ISIS is not holding back in demonstrating its terror prowess in Afghanistan. Indeed, the group has claimed Monday’s twin attacks in Kabul that left some 25 dead. That this included 10 journalists prompted Reporters Without Borders (RSF) to term it the worst strike against the media since the fall of the Taliban back in 2001. This, in turn, has led to observations that militants are hitting democracy itself.
Be that as it may, there is no denying the fact that the bombings occurred near the National Directorate of Security (NDS) — Afghanistan’s premier intelligence agency — as well as NATO headquarters and the US Embassy. In fact, a blast in Kandahar on the same day, bringing the total of fatalities to 50, targeted an Alliance convoy. And though no group claimed responsibility for this, the message appears clear: it is not democracy that is under fire but the US military occupation.
This has inevitably shifted the focus yet again to Pakistan. Certain American experts have come out and accused this country of using its proxies to hit Kabul. Their argument goes something like this: there is no ISIS across the western border. There are just rebranded groups such as the Tehreek-e-Taliban (TTP) and Lashkar-e-Jhangvi (LeJ).

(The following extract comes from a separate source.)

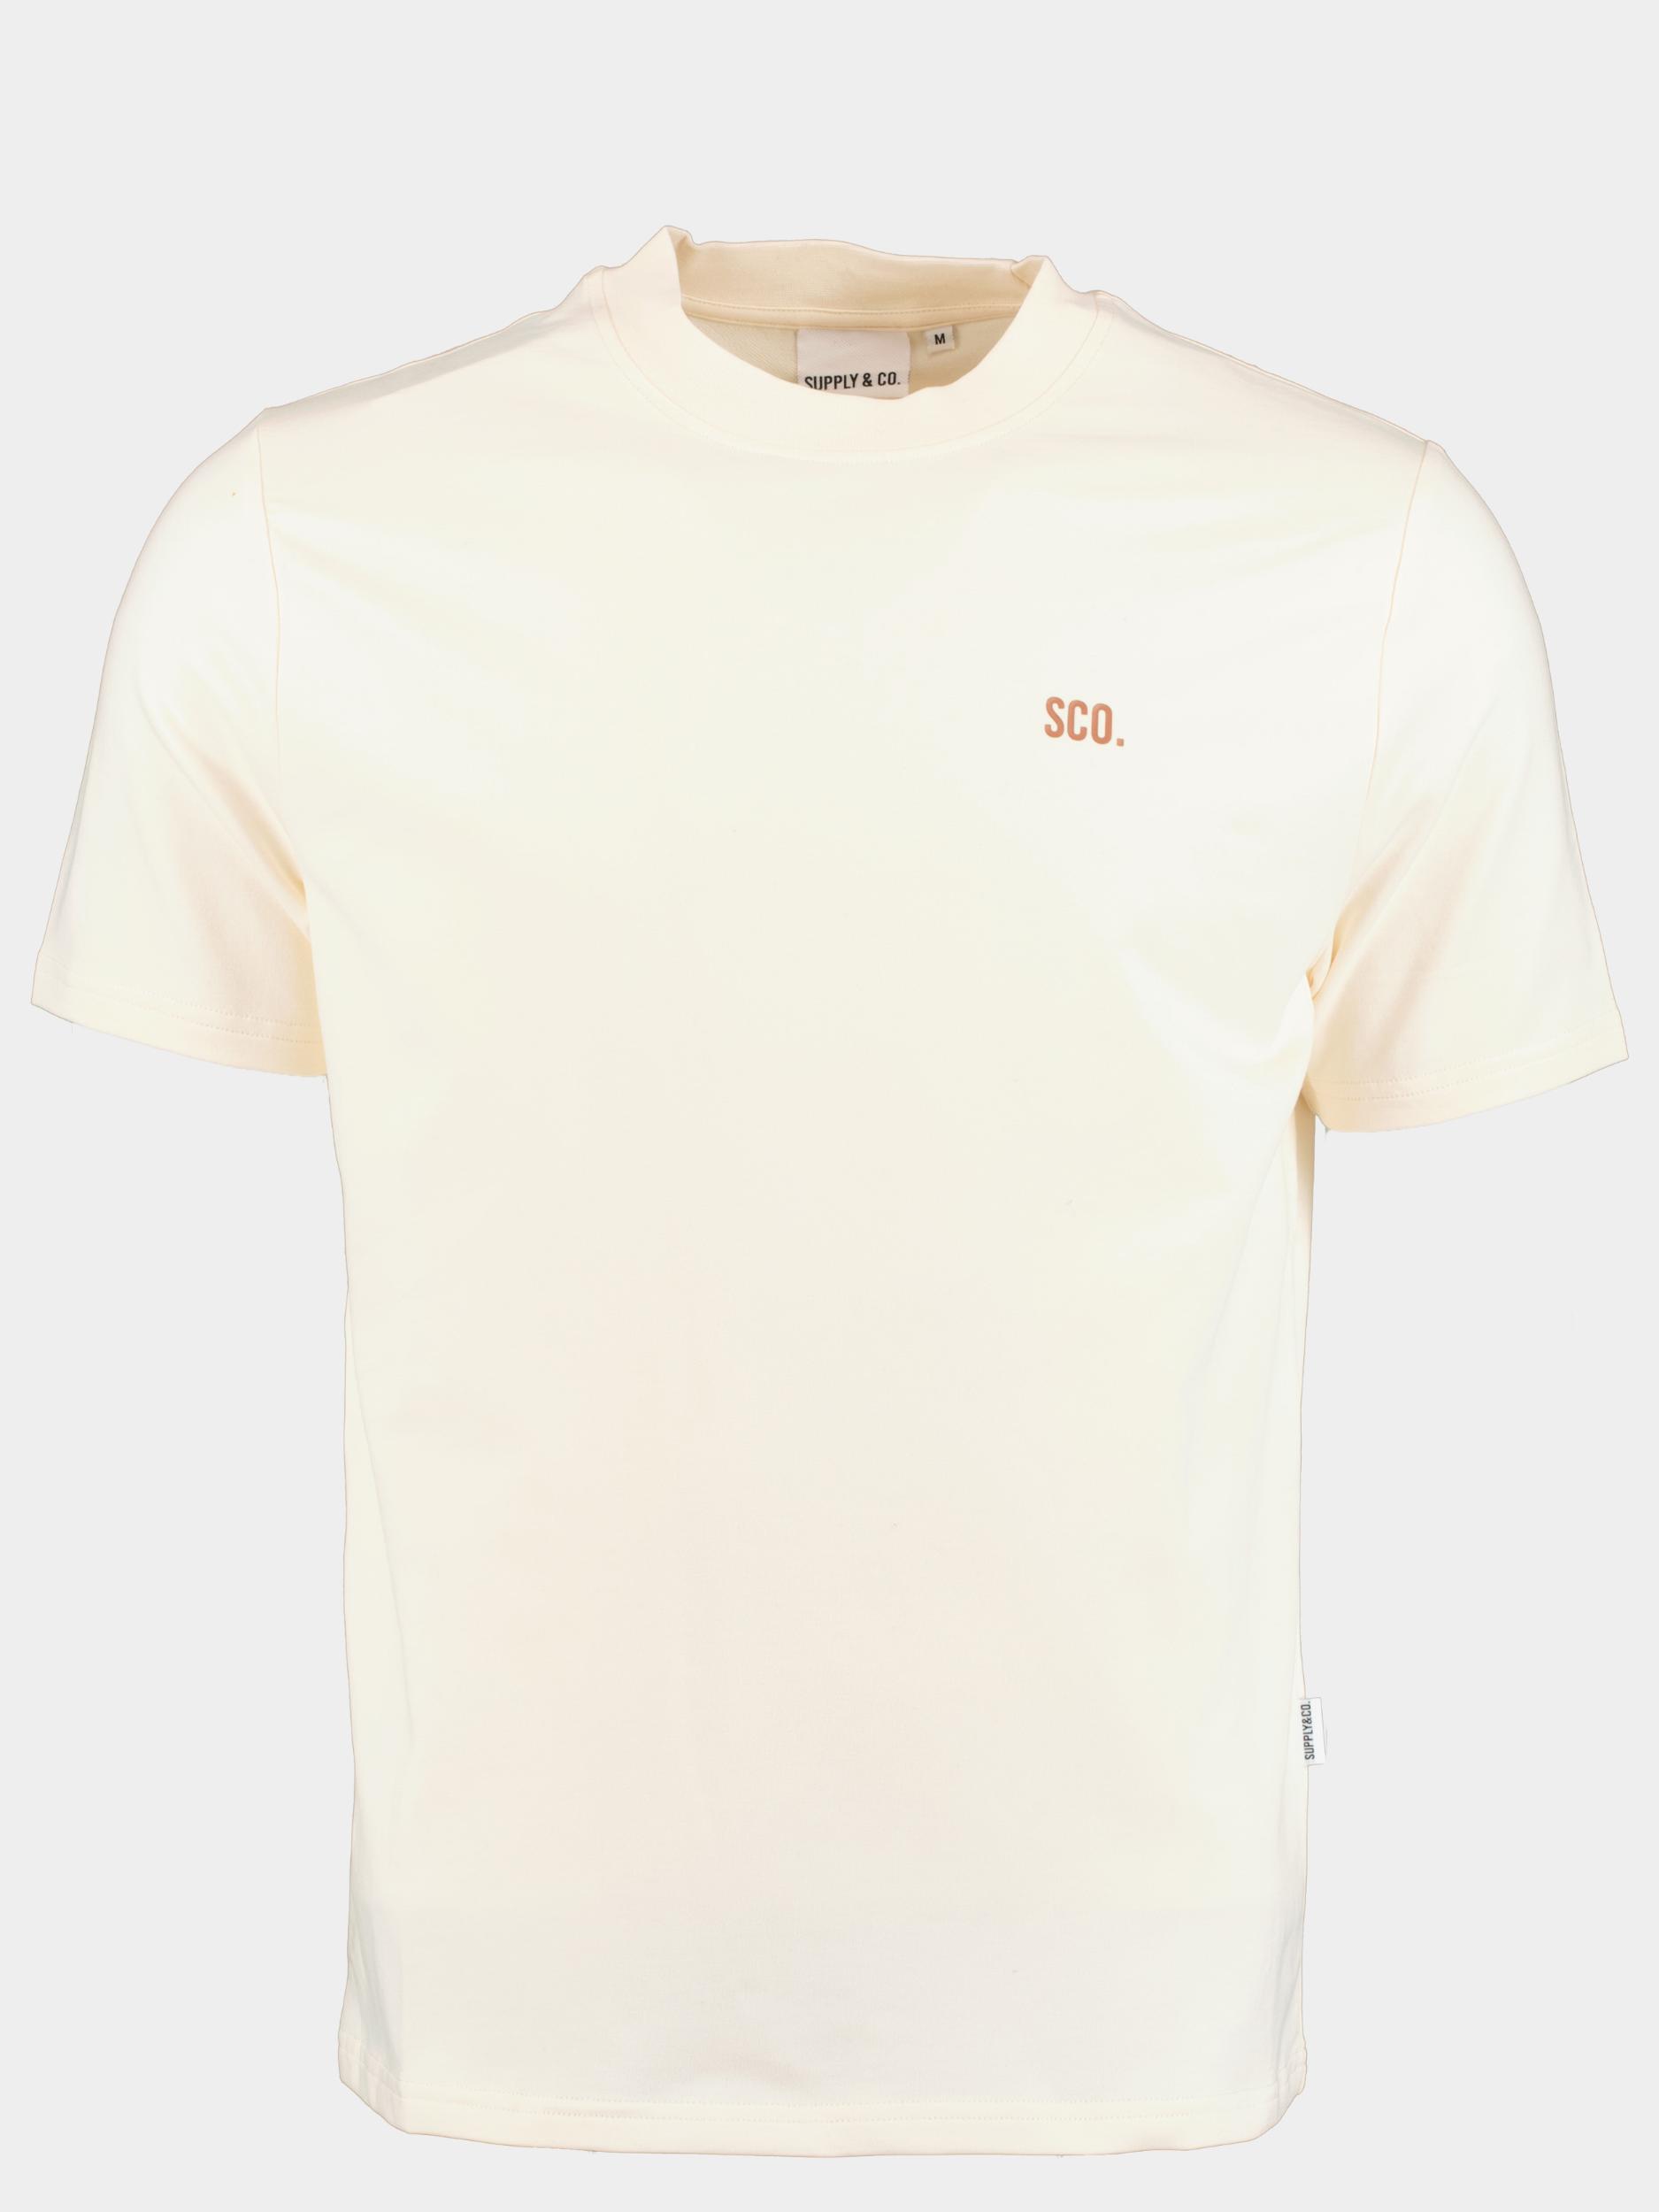 Supply & Co. T-shirt korte mouw Beige Basic Tee With Chestlogo 23308BA50/150 off-white

Yet both these ‘proxies’ routinely target the Pakistani state. The TTP was behind the brutal Army Public School (APS) massacre in Peshawar back in 2014. Some two years later a faction of the rabid anti-Shia LeJ joined hands with ISIS to target a police academy in Quetta; leaving 63 dead. Then there is the Jamaat-ul-Ahrar splinter group that temporarily broke away from the TTP in 2014 to pledge spiritual allegiance to ISIS. The point is that while there may well be overlaps, there are no absolutes when it comes to clear-cut demarcations. And as far as the TTP goes, Islamabad has long complained of its finding safe-haven in Afghanistan.